◆ Work to complete: Set down each line of the data exactly, but not the pictures.

◆ Data section:
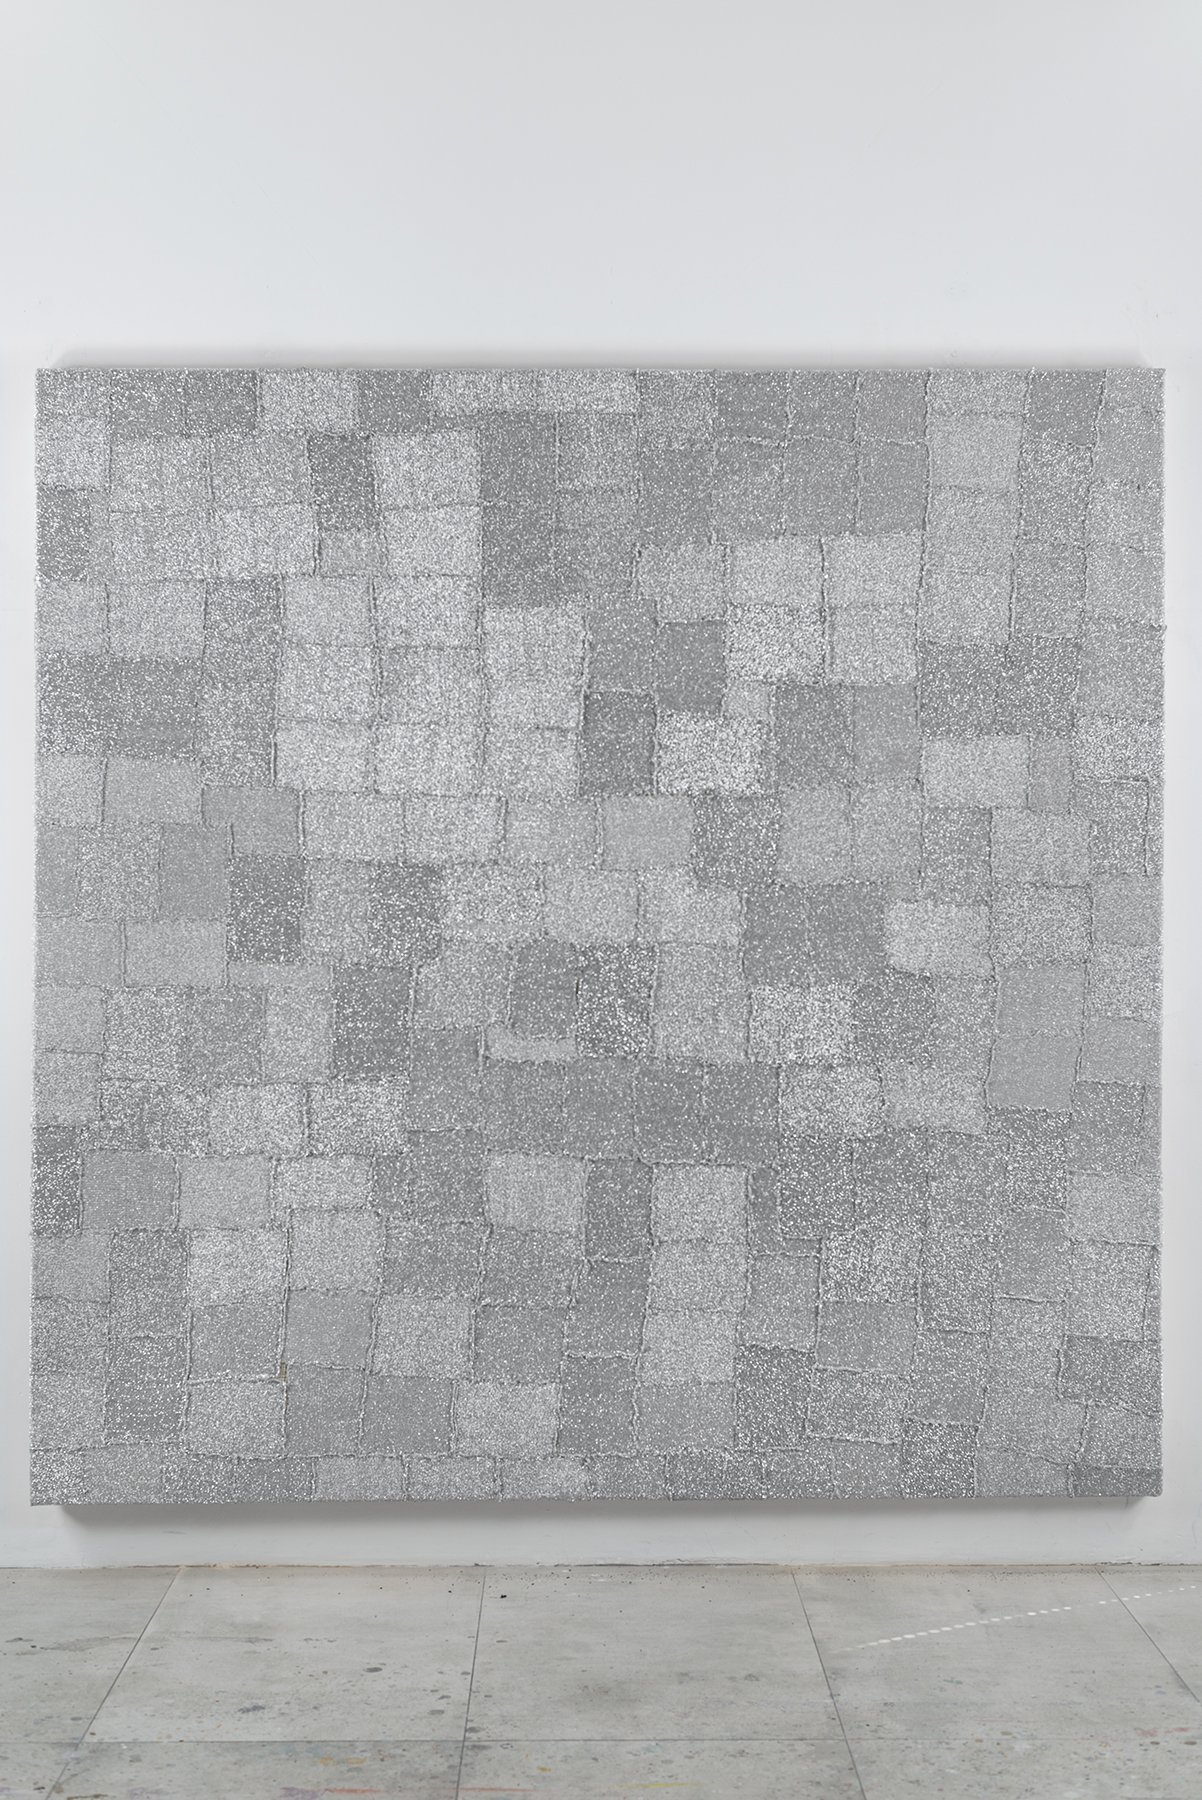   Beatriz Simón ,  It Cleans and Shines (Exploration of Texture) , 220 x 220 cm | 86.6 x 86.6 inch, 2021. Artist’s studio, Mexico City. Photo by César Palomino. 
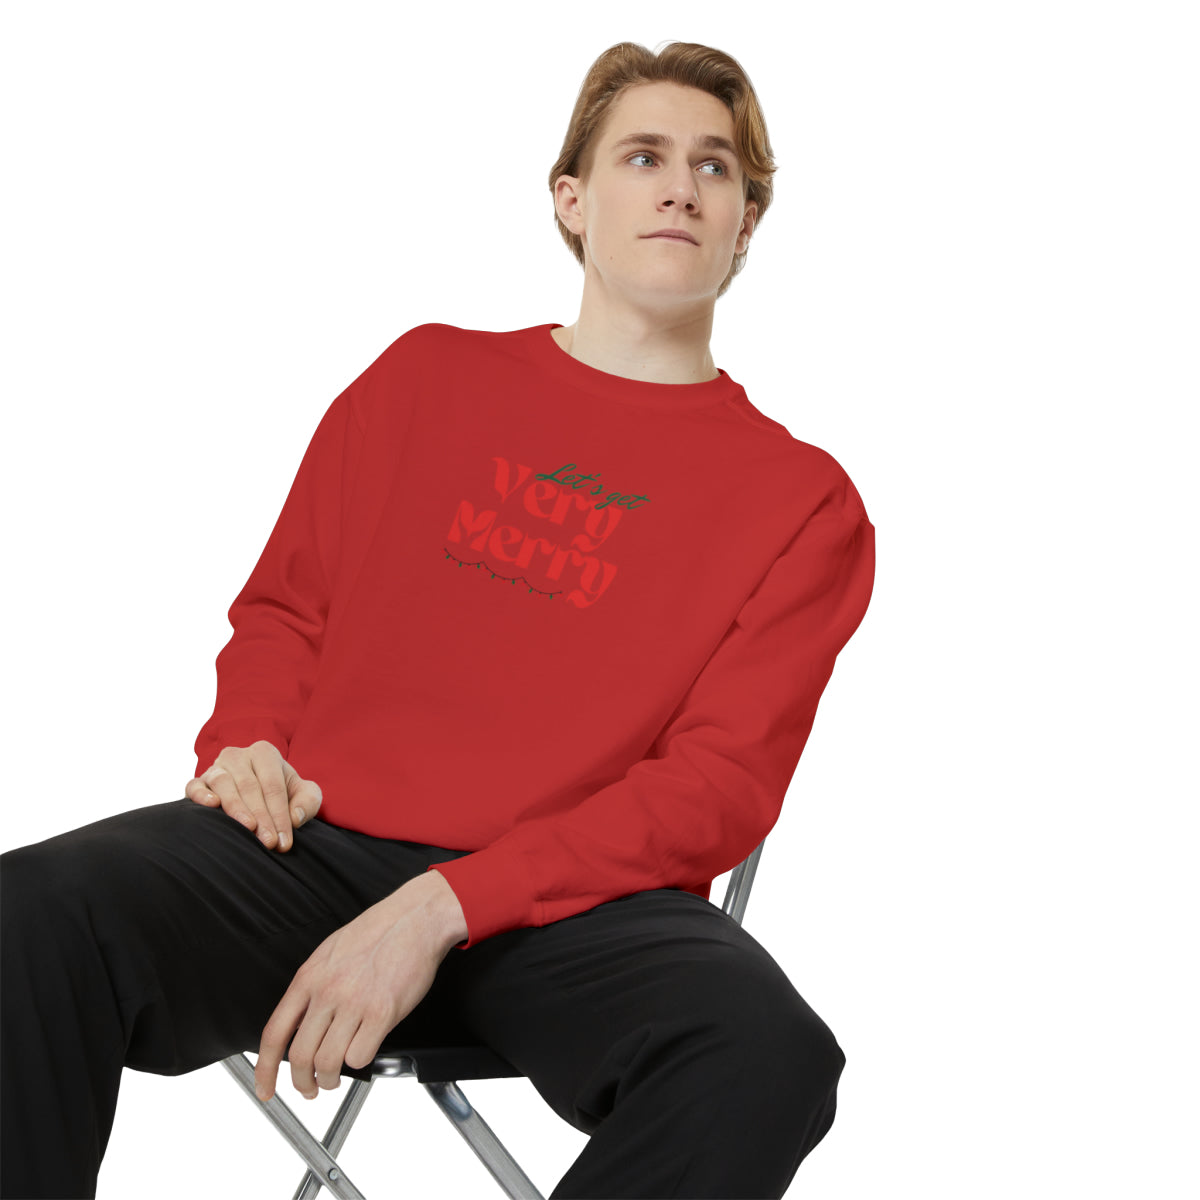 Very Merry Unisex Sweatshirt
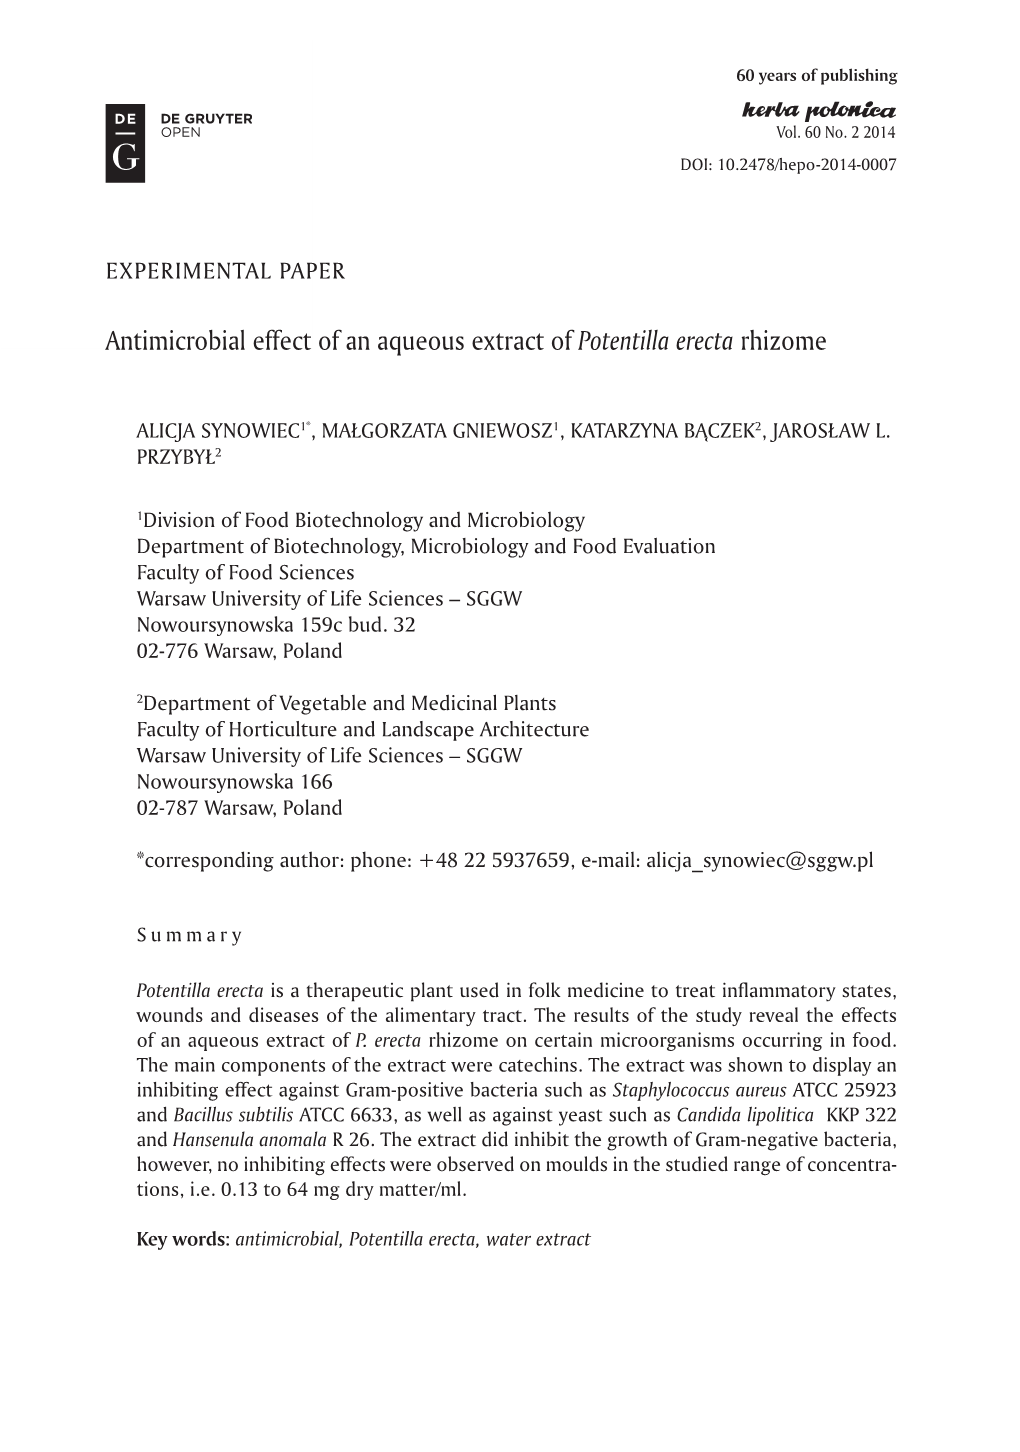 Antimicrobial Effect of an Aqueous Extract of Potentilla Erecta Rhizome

◆ Task result:
   Beatriz Simón ,  It Cleans and Shines (Exploration of Texture) , 220 x 220 cm | 86.6 x 86.6 inch, 2021. Artist’s studio, Mexico City. Photo by César Palomino. 
 Very Merry Unisex Sweatshirt
 Antimicrobial Effect of an Aqueous Extract of Potentilla Erecta Rhizome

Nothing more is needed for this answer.